Keine Vertragsauflösung von Gesetzes wegen
Das schweizerische Recht enthält keine allgemeine Bestimmung, gemäss der die Konkurseröffnung automatisch die Beendigung der Verträge mit dem Gemeinschuldner zur Folge hat, sondern lediglich einige besondere Bestimmungen, welche das Dahinfallen solcher Verträge vorsehen, sprich die Kündigungsmöglichkeit für die andere Partei, was SchKG 211/3 ausdrücklich vorbehält.
Der Bestand der Arbeitsverträge wird durch die Konkurseröffnung über den Arbeitgeber nicht unmittelbar betroffen. Mit anderen Worten, wird das Arbeitsverhältnis weder vom Arbeitnehmer noch vom Arbeitgeber bzw. von der in den Arbeitsvertrag eingetretenen Konkursverwaltung gekündigt, so besteht es unverändert weiter, und der Arbeitnehmer hat seine Forderungen gegen den konkursiten Arbeitgeber persönlich geltend zu machen.
Kündigungsrecht des Arbeitnehmers
Oft ist der Arbeitgeber mit der Zahlung von Lohnforderungen, die vor Konkurseröffnung entstanden sind, im Verzug. Wenn es sich dabei nicht um eine unbedeutende Differenz handelt, liegt ein wichtiger Grund vor, und der Arbeitnehmer ist berechtigt – auch ausserhalb des Konkurses des Arbeitgebers – nach erfolgter Abmahnung das Arbeitsverhältnis fristlos aufzulösen (OR 337), ohne das in OR 337a vorgesehene Sicherstellungsbegehren gestellt zu haben.
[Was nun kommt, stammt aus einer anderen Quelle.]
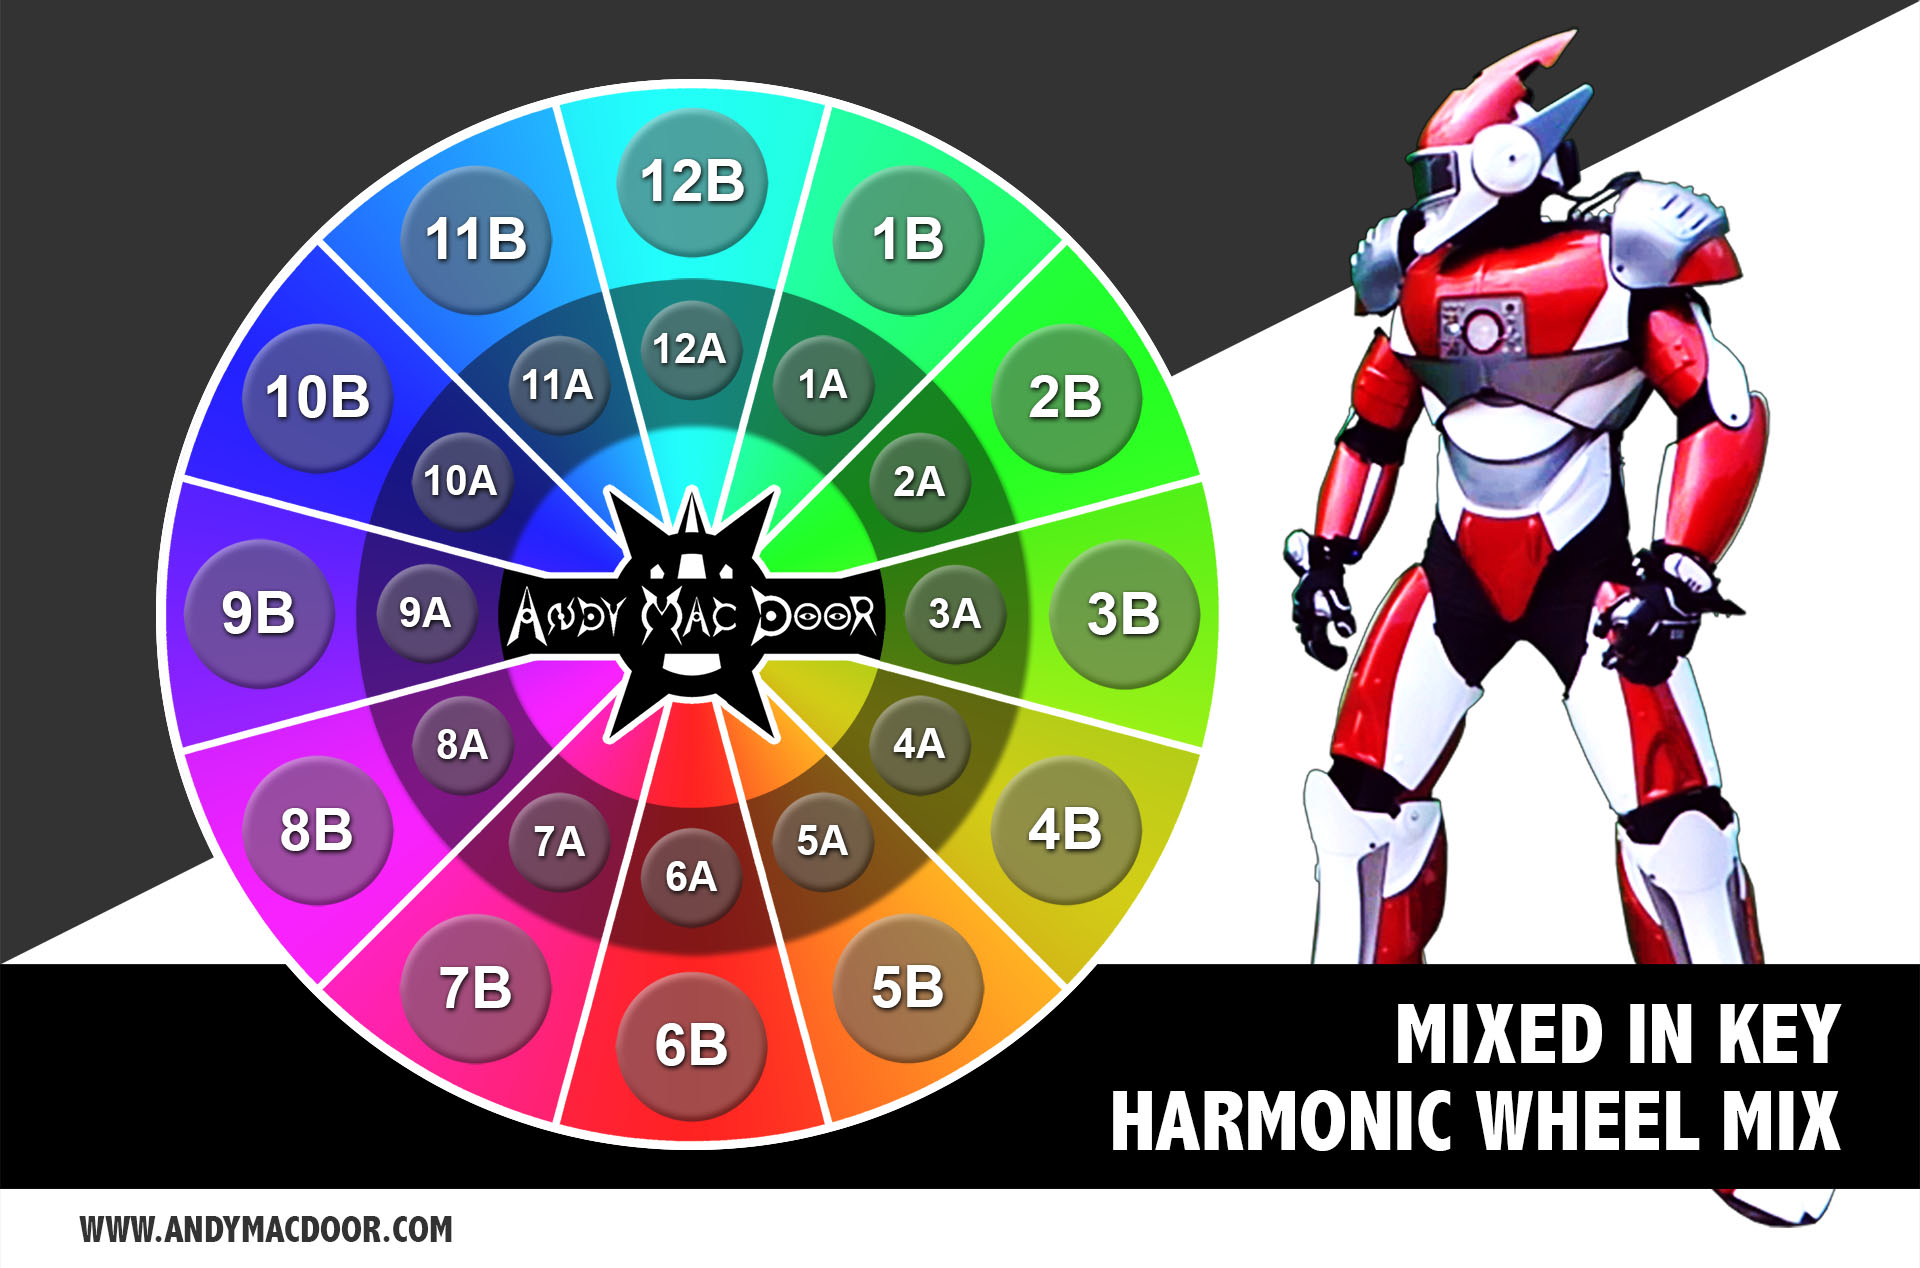 MIXED IN KEY - Harmonic mix wheel schema - Camelot - by Andy Mac Door

Befindet sich der Arbeitgeber hingegen bereits im Konkurs, ist eine vorgängige Abmahnung grundsätzlich nicht erforderlich, es sei denn, die Konkursverwaltung als Vertreterin der Konkursmasse hat die erkennbare Absicht, nach SchKG 211/2 in den Arbeitsvertrag einzutreten und die rückständigen Forderungen aus dem Arbeitsverhältnis sofort zu bezahlen.
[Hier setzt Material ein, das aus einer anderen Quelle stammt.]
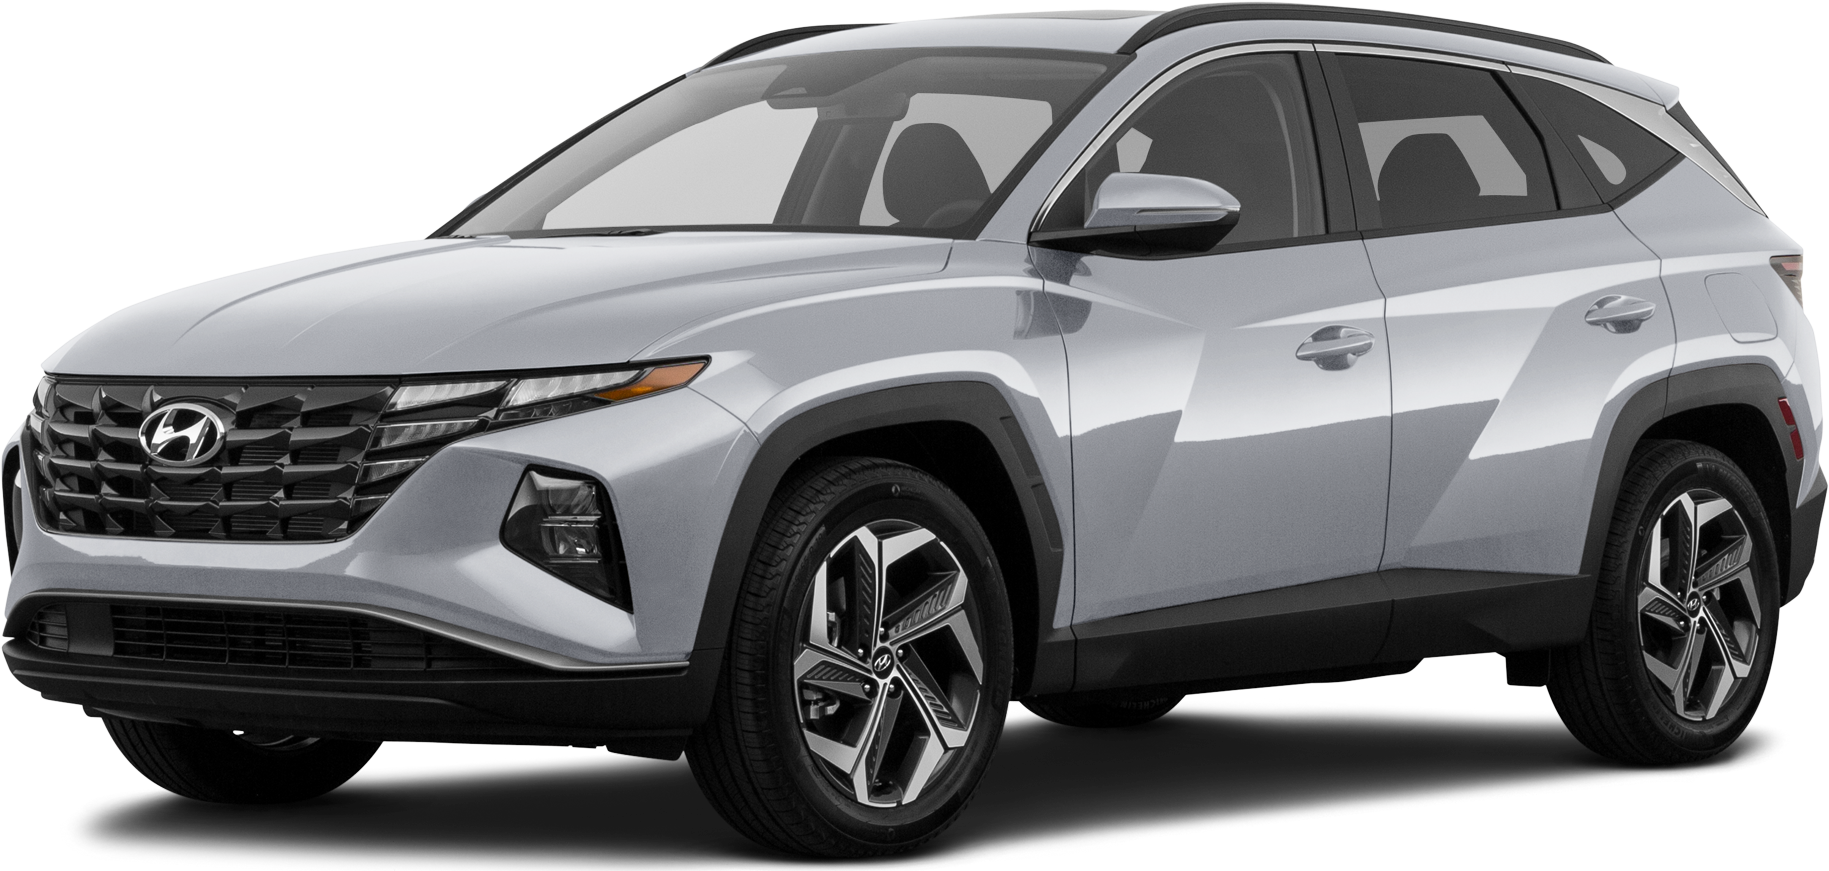 2022 Hyundai Tucson Hybrid Limited AWD: Extra Power and Efficiency

Zudem kann der Arbeitnehmer das Arbeitsverhältnis fristlos auflösen, wenn der Arbeitgeber zahlungsunfähig wird und dem Arbeitnehmer für seine Forderungen aus dem Arbeitsverhältnis nicht innert angemessener Frist Sicherheit leistet (OR 337a). Dazu bedarf es aber, dass der Arbeitnehmer tatsächlich von seinem Recht, Sicherstellung zu verlangen, Ge- brauch gemacht hat. Zahlungsunfähigkeit ist namentlich bei Konkurseröffnung offenkundig. Der Arbeitnehmer kann jedoch nur für zukünftige, d.h. für nach Konkurseröffnung entstehende Ansprüche Sicherheit verlangen, nicht aber für die bei Konkurseröffnung bereits fälligen. Als Sicherstellung kommen nach Wahl des Arbeitgebers z.B. Bankgarantie, Pfandbestellung, Sperrkonto, Bürgschaft, Hinterlegung von Wertschriften und Bardepot in Betracht. Wird fristgerecht genügend Sicherheit geleistet, kann der Arbeitnehmer wegen Forderungen, die nach Konkurseröffnung entstanden sind, nicht gemäss OR 337a kündigen. Befindet sich der Arbeitgeber bereits in Konkurs, hat die Fristansetzung für die Sicherstellung auch an die Konkursverwaltung zu erfolgen.
Kündigung durch die Konkursverwaltung
Da dem Gemeinschuldner mit der Konkurseröffnung die Verfügungs- macht über das Arbeitsverhältnis entzogen wurde, kann er das Arbeitsverhältnis nicht mehr kündigen. Für ihn kann nun die Konkursverwaltung das Arbeitsverhältnis unter Einhaltung der ordentlichen Kündigungsfrist auflösen. Hingegen ermöglicht das Gesetz der Konkursverwaltung nicht, das Arbeitsverhältnis auf Grund des Konkurses fristlos aufzulösen, denn der Konkurs wird nicht als wichtiger Grund im Sinn von OR 337 angesehen.
Eintritt der Konkursverwaltung in die Arbeitsverträge?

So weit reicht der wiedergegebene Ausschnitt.